Consider the overloaded cellphone/PDA/camera a harbinger. It won't be long before all our gadgetary needs get rolled into the ultimate device - the all-in-one machine that lets us do everything from sending e-mails to holding conference calls. But what will this Pert Plus of a product look like?
At present, cellphones are in greater supply than good drinking water, but if the world's tech companies are to be believed, the shape and form of the device that will encase all life's basic digital needs is still up for grabs.
So let's indulge in a brief interlude of Quartz-based nostalgia, and look back to a time when the most prized accoutrement was the clunky calculator watch.
Somewhere in its brief affair with our wrists and hearts, the goofy calculator watch lost our affections. Perhaps one too many geeks tried, unavailingly, to program a phone number into it. Perhaps its catalogue of tinny alarms drove us to pitch it into the dustbin.
Either way, the calculator watch, in all its beautiful utility, fell from grace, leaving us largely without an everyday electronic tool until, of course, the cellphone's bloated birth and subsequent slim-down.

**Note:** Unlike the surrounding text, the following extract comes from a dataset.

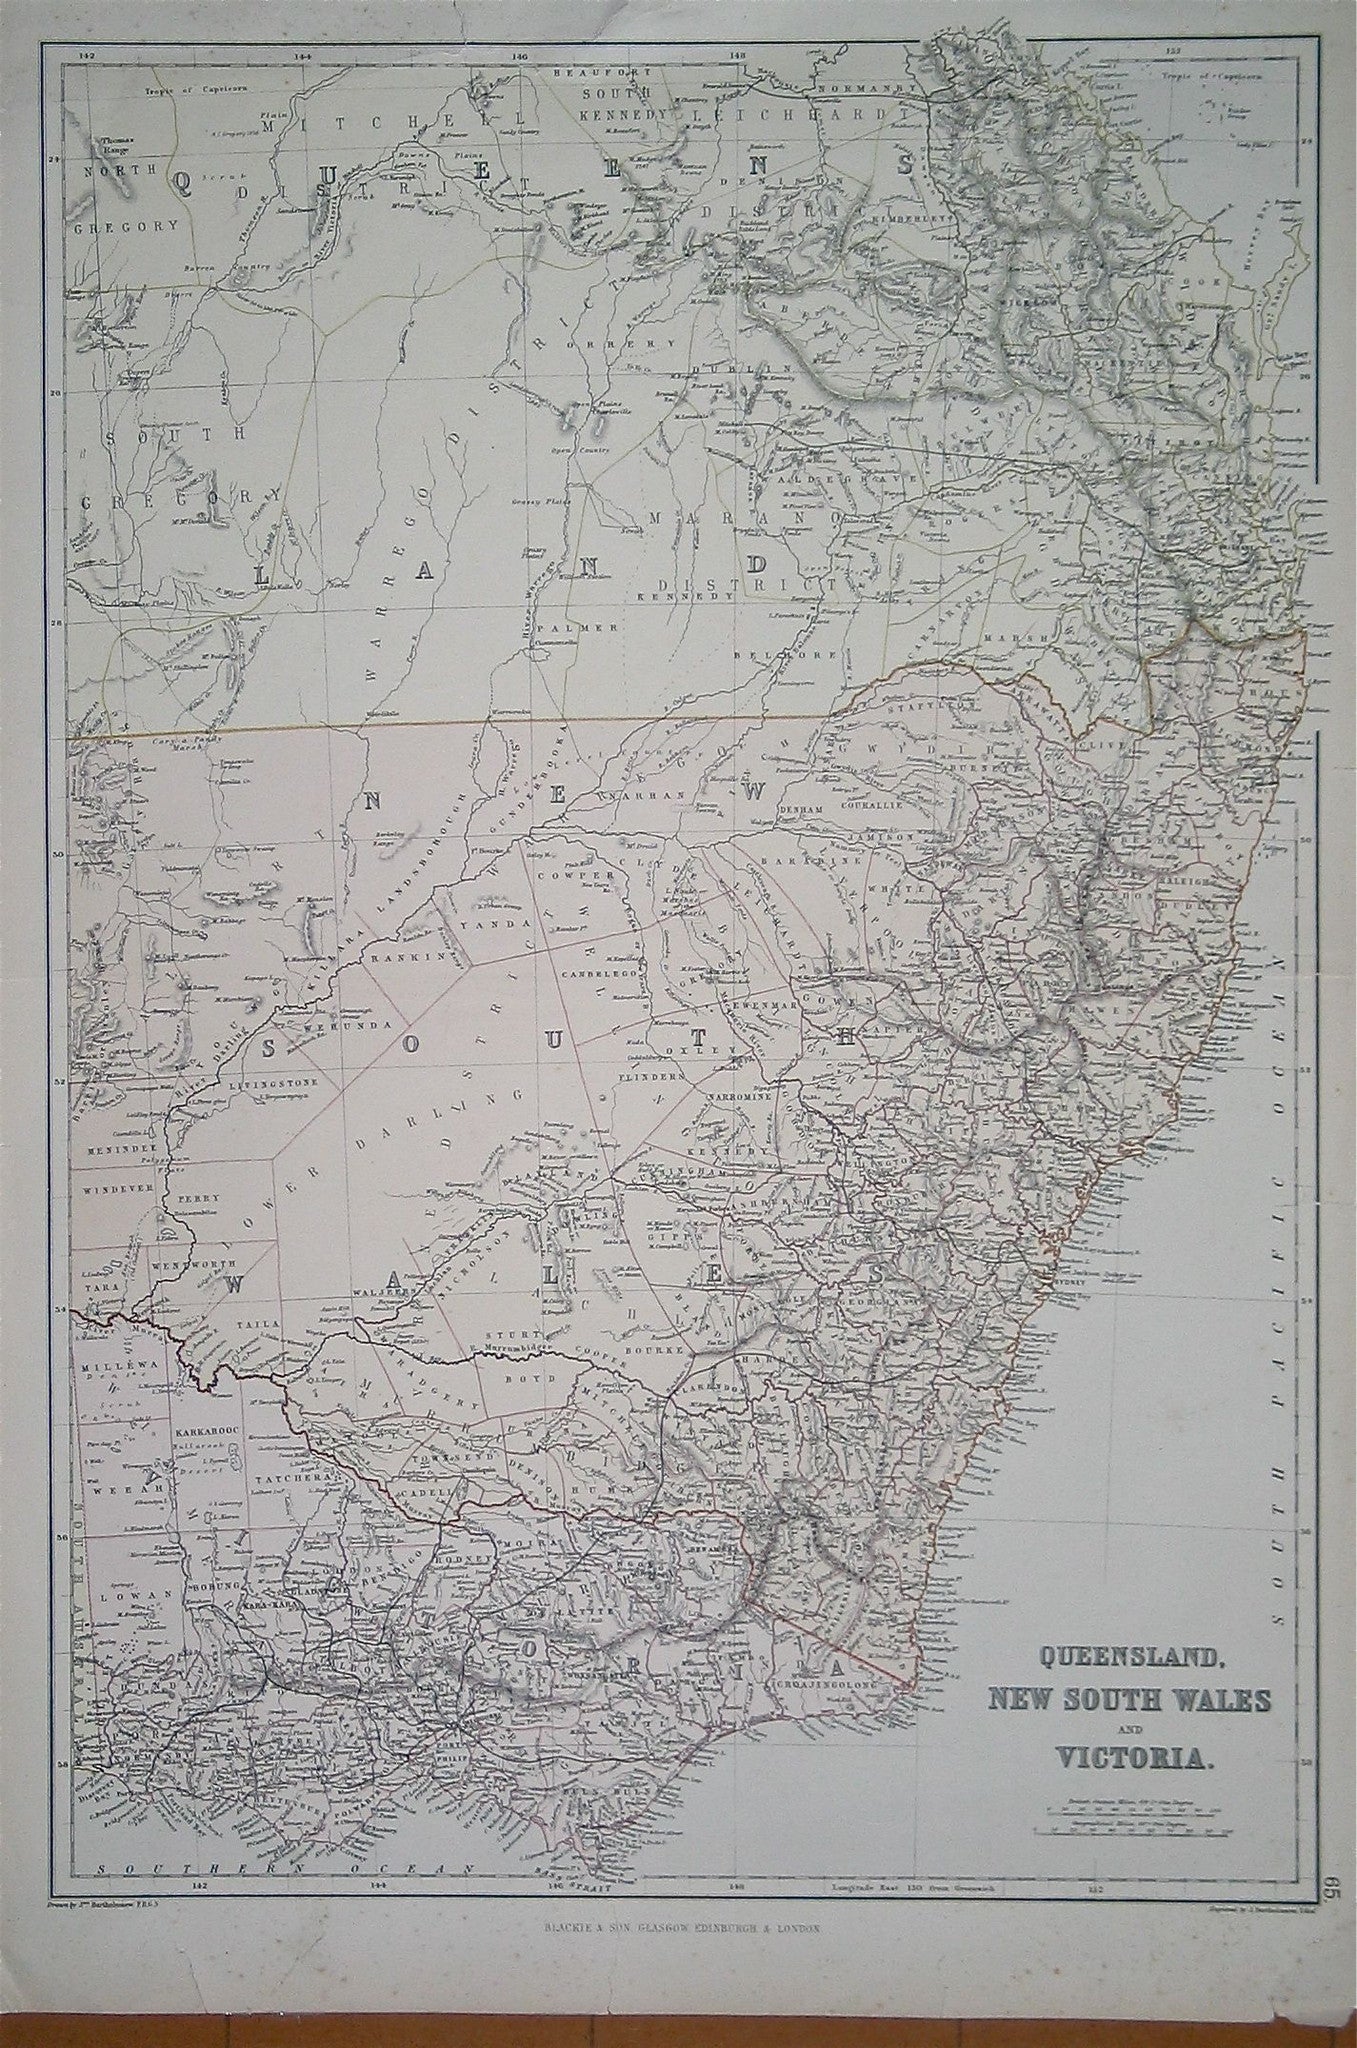 Map of Queensland, New South Wales and Victoria

Perhaps the calculator watch was just ahead of its time. In today's world, it makes a lot more sense to have a permanent strap-on digital accessory than an eminently losable cellphone floating about in one's personal ether.
Manufacturers are again exploring the watch's potential as a vehicle for our current needs. MSN tried, mostly unsuccessfully, last year to give us wristwatches with perfectly gratuitous services like customizable weather reports.

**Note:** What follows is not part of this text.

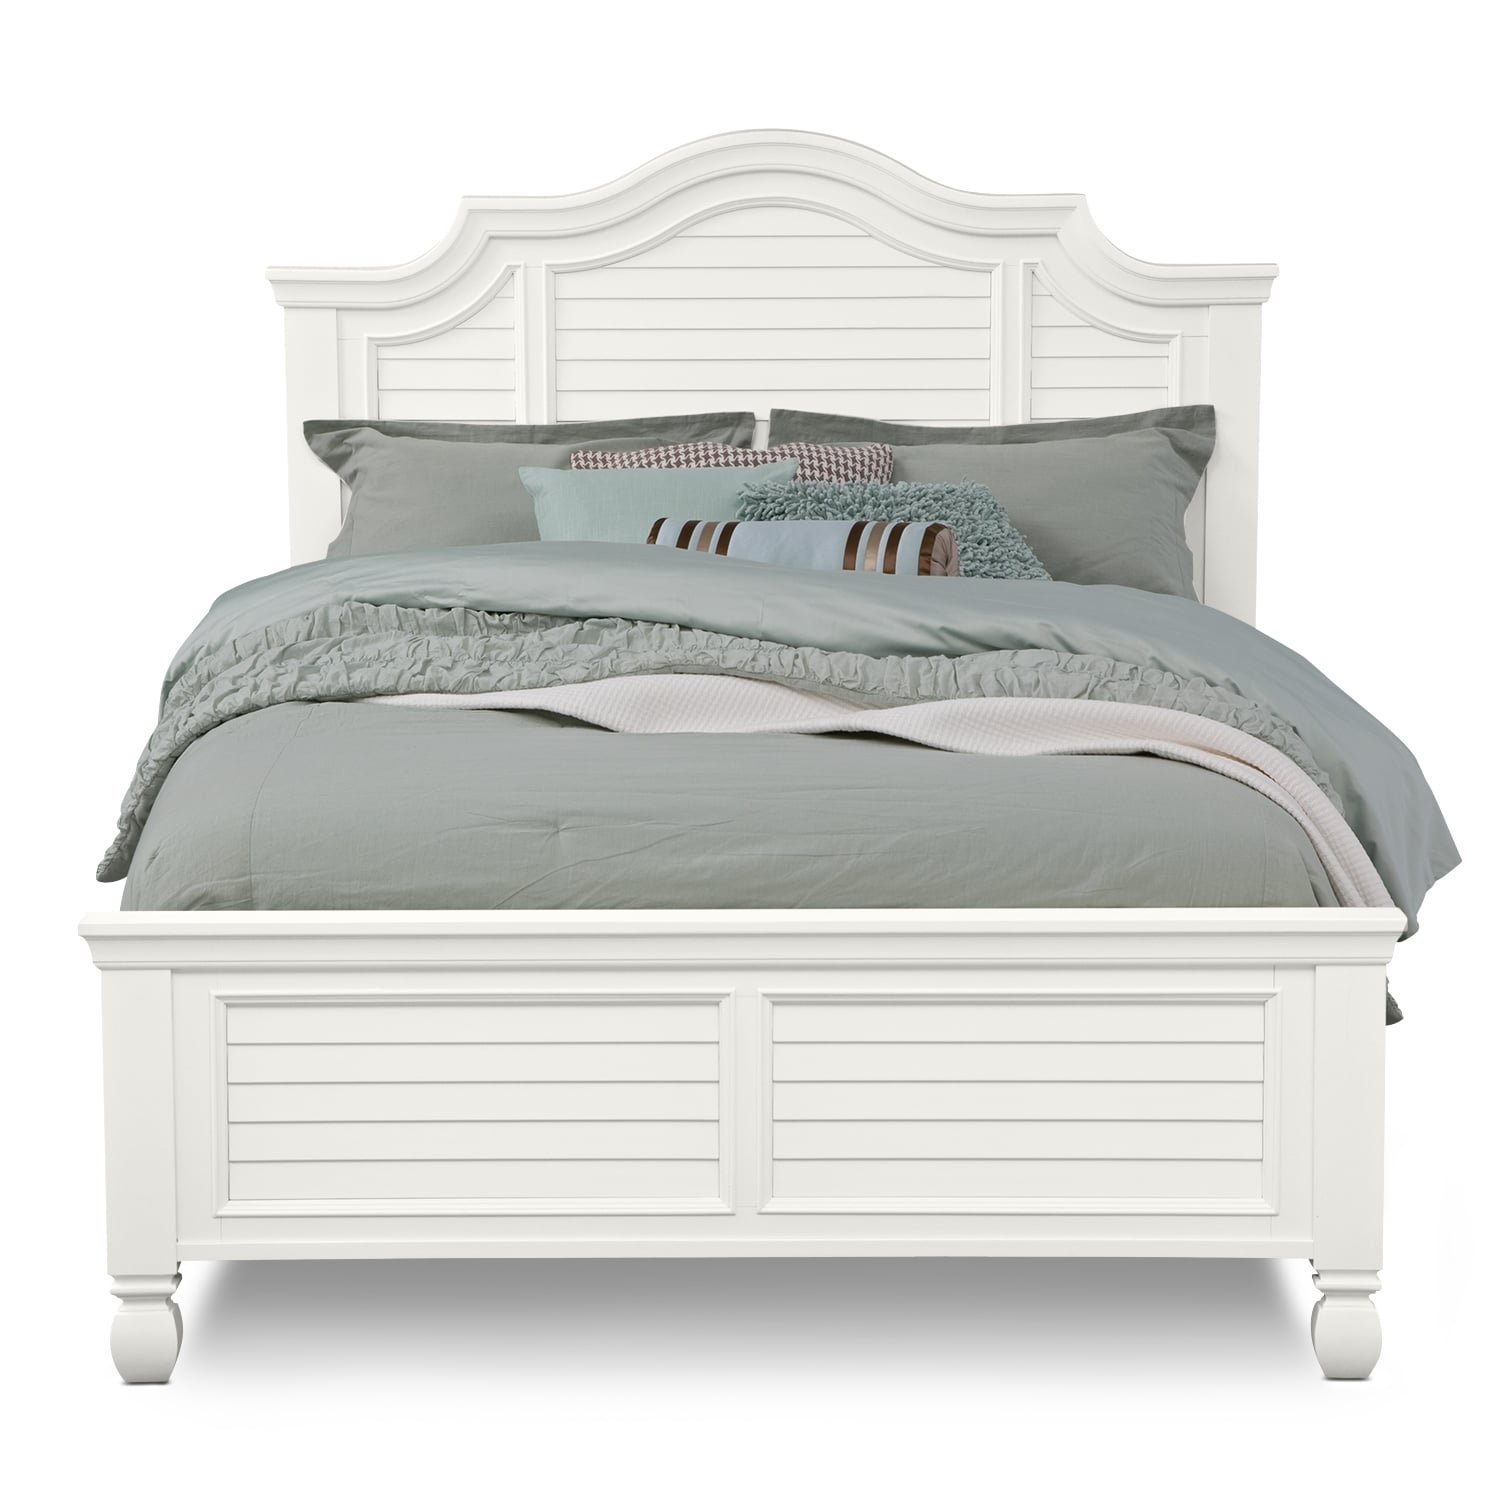 Plantation Cove White Panel Bedroom Queen Bed  Value City Furniture

Subsequent efforts to create something workable out of the MSN Wrist Net technology have fared a bit better. Fossil's Dick Tracy watch one-ups the nostalgia factor by referencing the style and allure of the pulp hero's impressive timepiece. All it really needs to be truly viable is the same phone capabilities that Tracy had. Of course, there's something bizarre about whispering into your watch, but, as hordes of cellphone-headsetted Bay Streeters talking to themselves prove, we can get used to anything.

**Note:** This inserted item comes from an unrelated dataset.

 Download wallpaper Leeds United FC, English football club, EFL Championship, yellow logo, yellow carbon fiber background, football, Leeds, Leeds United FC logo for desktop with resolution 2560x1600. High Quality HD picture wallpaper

The Wrist Net Dick Tracy watch comes with MSN Direct service for $12 a month, though it's hard to imagine anyone using much of the information - weather, headlines and sport stats, for example, via FM signal - on a display that's barely big enough for a miniature cartoon of the watch's namesake. But the seed of an idea is here, and is also present in a slew of watches that now boast portable hard drives that connect with your computer via USB.
Yes, the tech in wrist science has a long way to go, but go on it must. Any cursory social survey of the stylish set will tell you that the calc watch occupies prime nostalgia real estate in many a soul.
My friend Julia sports a vintage Casio and gets stopped on the street regularly.
"I get everything from 'I love your watch' to 'But you're not a geek,'" she says.
The calc love is further underlined by a host of recent calc-inspired designs - from Paul Frank's vintage plastic take to Tokyo Flash's pimped-out, Lite-Brite-inspired model.
Substantive proof that the hour is nigh for lo-fi meets Wi-Fi: if people will wear ironic mullets, they'll also wear modern incarnations of the calc watch, even if it comes down on the side of oppressively large. Imagine a watch that gave us Wi-Fi access, a speaker phone and all the accessories that characterized the old calculator watch. I will only say, 'If you will it, it is no dream. And if you build it, they will come.'
And if you can't come on time, don't come at all. OK, scratch that last one. Bring it on Casio!